# Electric resistance in the truncated rotating cone

• ciso112
You don't need to calculate that. Just focus on the cross sectional area A. What is the area of a thin circular disk of thickness dx and radius r?I am not sure what "l" is, I think this is tha last think that needs... l= sqrt(h^2+(r2-r1)^2 ) .... r1 + ((r2-r1)/h)*x could it be?Yes, that's correct! So now you have an expression for dR in terms

## Homework Statement

Homogeneous body with the shape of a truncated rotating cone has a base shaped like a

circle. The radius of the lower base is R2 = 8 cm and radius of the upper base is R1 =

4 cm. The height h = 8 cm (see figure). Calculate the total electric

resistance between the base surfaces of the body, when made of a material of

resistivity ρ = 4*10 ^(-2) Ohm*m. Assume that during the transport of electric charge

through the body volume, the current density changes.

see the picture

## The Attempt at a Solution

idea:
triple integration..one through the height...and the remaining ones through the radius and the perimeter...but does this take into account the changing of the radius at different heights?

#### Attachments

Last edited:
Only a single integration is needed. Hint: thin circular disks.

• cnh1995
Write a general expression for any intermediate radius in terms of R1,R2 and h. Use it for calculation of resistance of thin circular discs and integrate along proper path.

• ciso112
TSny said:
Only a single integration is needed. Hint: thin circular disks.

hm, this gives me the integral of PI*r^2 with boundries of R2 and R1...?

ciso112 said:
hm, this gives me the integral of PI*r^2 with boundries of R2 and R1...?
This is not what you need to integrate. The entire truncated cone can be thought of as made of many thin slices (circular disks). Each disk will have a small resistance dR that will depend on the radius and thickness of the disk. These resistances are in "series", so the total resistance is the sum (or integral) of the individual resistances.

• ciso112
As you can see the resistances are in series, your limits of integration will be from 0 to h. Try writing a general expression for intermediate radius in terms of R1, R2 and h.

• ciso112
cnh1995 said:

could you clarify this term pls, not even google helped me

TSny said:
This is not what you need to integrate. The entire truncated cone can be thought of as made of many thin slices (circular disks). Each disk will have a small resistance dR that will depend on the radius and thickness of the disk. These resistances are in "series", so the total resistance is the sum (or integral) of the individual resistances.

am I getting closer? dR = (PI*r^2*dh)/dI where I is electric current

ciso112 said:
could you clarify this term pls, not even google helped me
The radius varies from x=0 to x=h.

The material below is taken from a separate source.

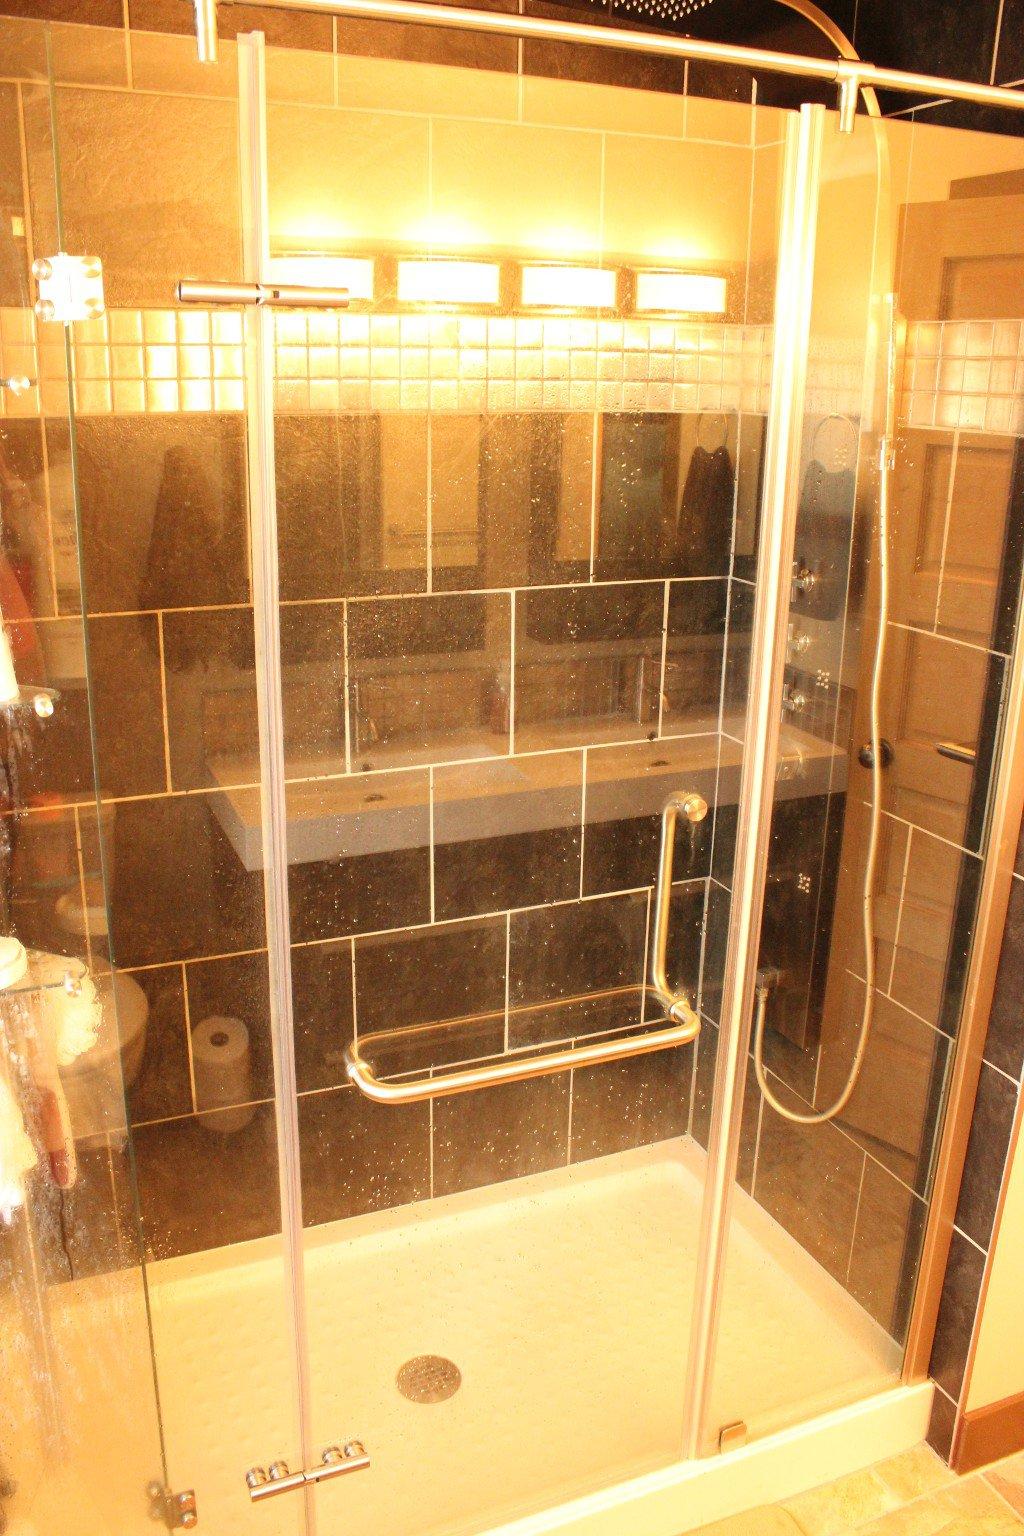 Photo 15: Photos: 6490 Barnhartvale Road in Kamloops: Barnhartvale House for sale : MLS®# 128239

You need to find a general expression for radius at a distance x in terms of R1, R2 and h. That's what I meant by intermediate radius. Limits of x will be from 0 to h when you'll integrate.

• ciso112
ciso112 said:
am I getting closer? dR = (PI*r^2*dh)/dI where I is electric current
There's no need to involve current.

• ciso112
R=ρ*l/A.. For a small disc at a distance x from the leftmost end, what is the length and area of cross section in terms of x?

• ciso112
In the figure below, you see a disk located at position x along the axis of the cone. The disk has a thickness dx and an area A(x) which depends on x. ( You will need to express A(x) explicitly in terms of the position x.) How would you express the resistance, dR, of the disk in terms of A(x) and dx?

#### Attachments

• ciso112 and cnh1995
cnh1995 said:
R=ρ*l/A.. For a small disc at a distance x from the leftmost end, what is the length and area of cross section in terms of x?
Radius varies linearly with x. At x=0, r=R1 and at x=h, r=R2. Using this data, can you write a general expression for r in terms of x?

• ciso112
cnh1995 said:
Radius varies linearly with x. At x=0, r=R1 and at x=h, r=R2. Using this data, can you write a general expression for r in terms of x?

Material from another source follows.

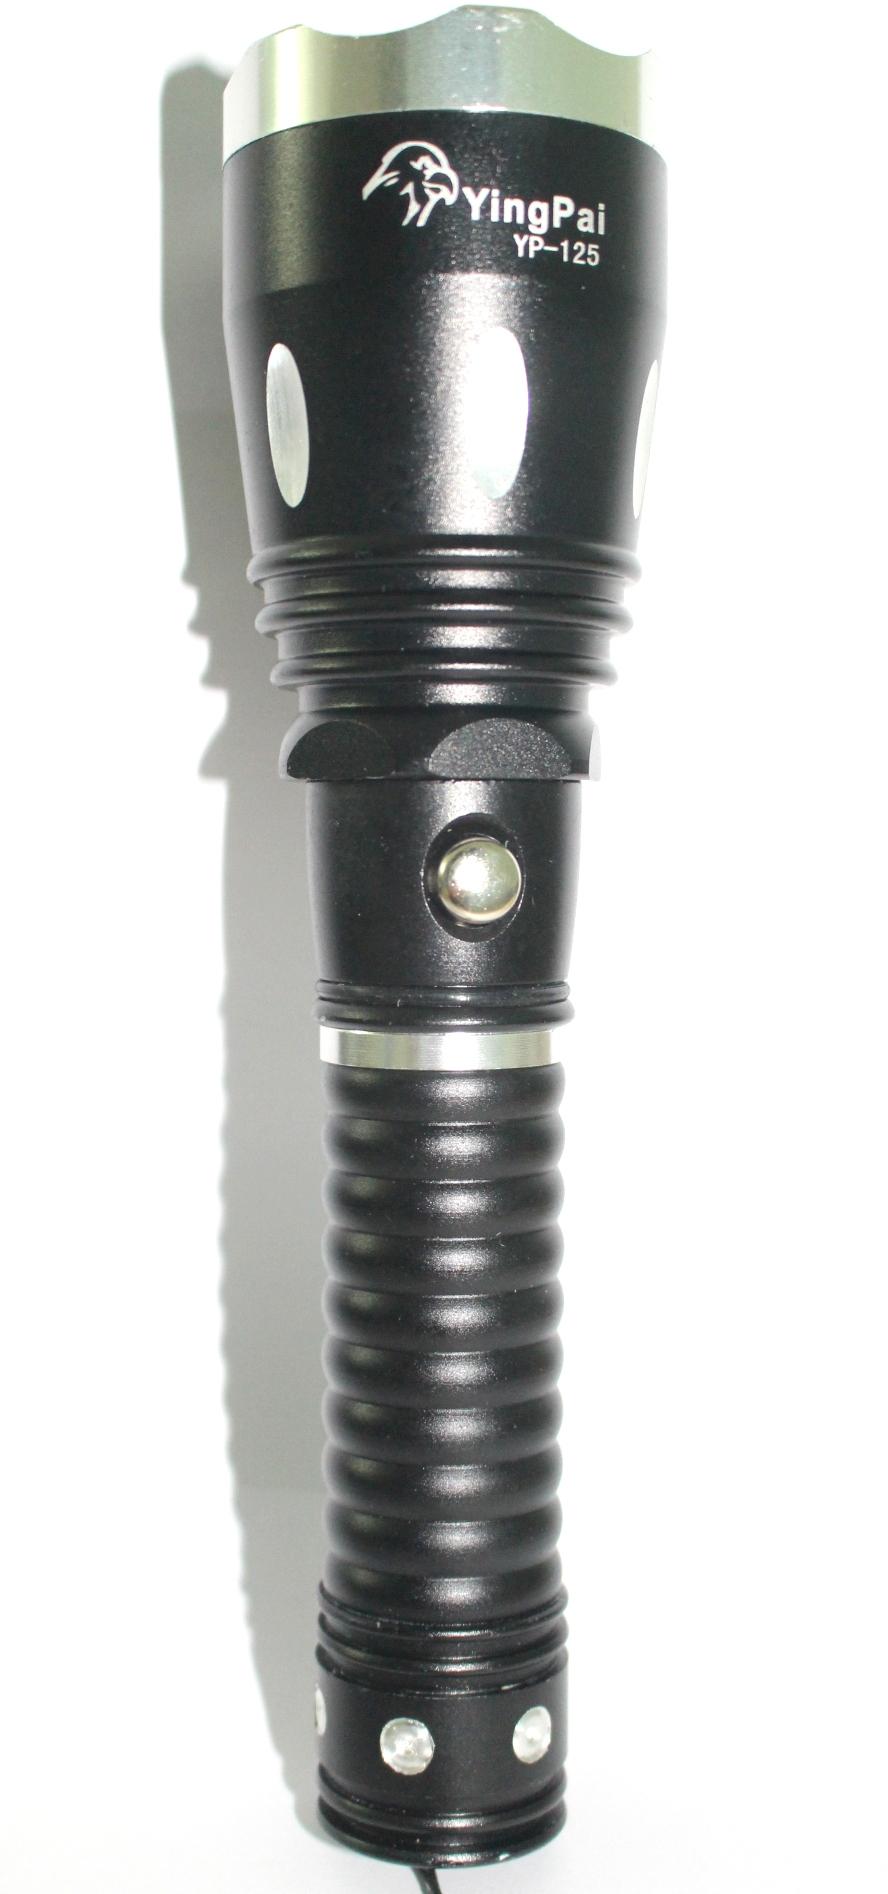 Đèn pin chiếu sáng YP-125

The concept behind seems to be clear, the second thing is to write it down...what about: ...l (radius of a given element) = r1 + ((r2-r1)/h)*x

ciso112 said:
The concept behind seems to be clear, the second thing is to write it down...what about: l (radius of a given element) = R1 + (R2-R1 +dh) ...where dh could be x
It's like a straight line passing through (0, R1) and (h, R2). How will you write r as a function of x from this data? It is in the form r=ax+b.. Now a and b can be found using known quantities R1, R2 and h.

• ciso112
cnh1995 said:
It's like a straight line passing through (0, R1) and (h, R2). How will you write r as a function of x from this data? It is in the form r=ax+b.. Now a and b can be found using known quantities R1, R2 and h.

r1 + ((r2-r1)/h)*x could it be?

TSny said:
In the figure below, you see a disk located at position x along the axis of the cone. The disk has a thickness dx and an area A(x) which depends on x. ( You will need to express A(x) explicitly in terms of the position x.) How would you express the resistance, dR, of the disk in terms of A(x) and dx?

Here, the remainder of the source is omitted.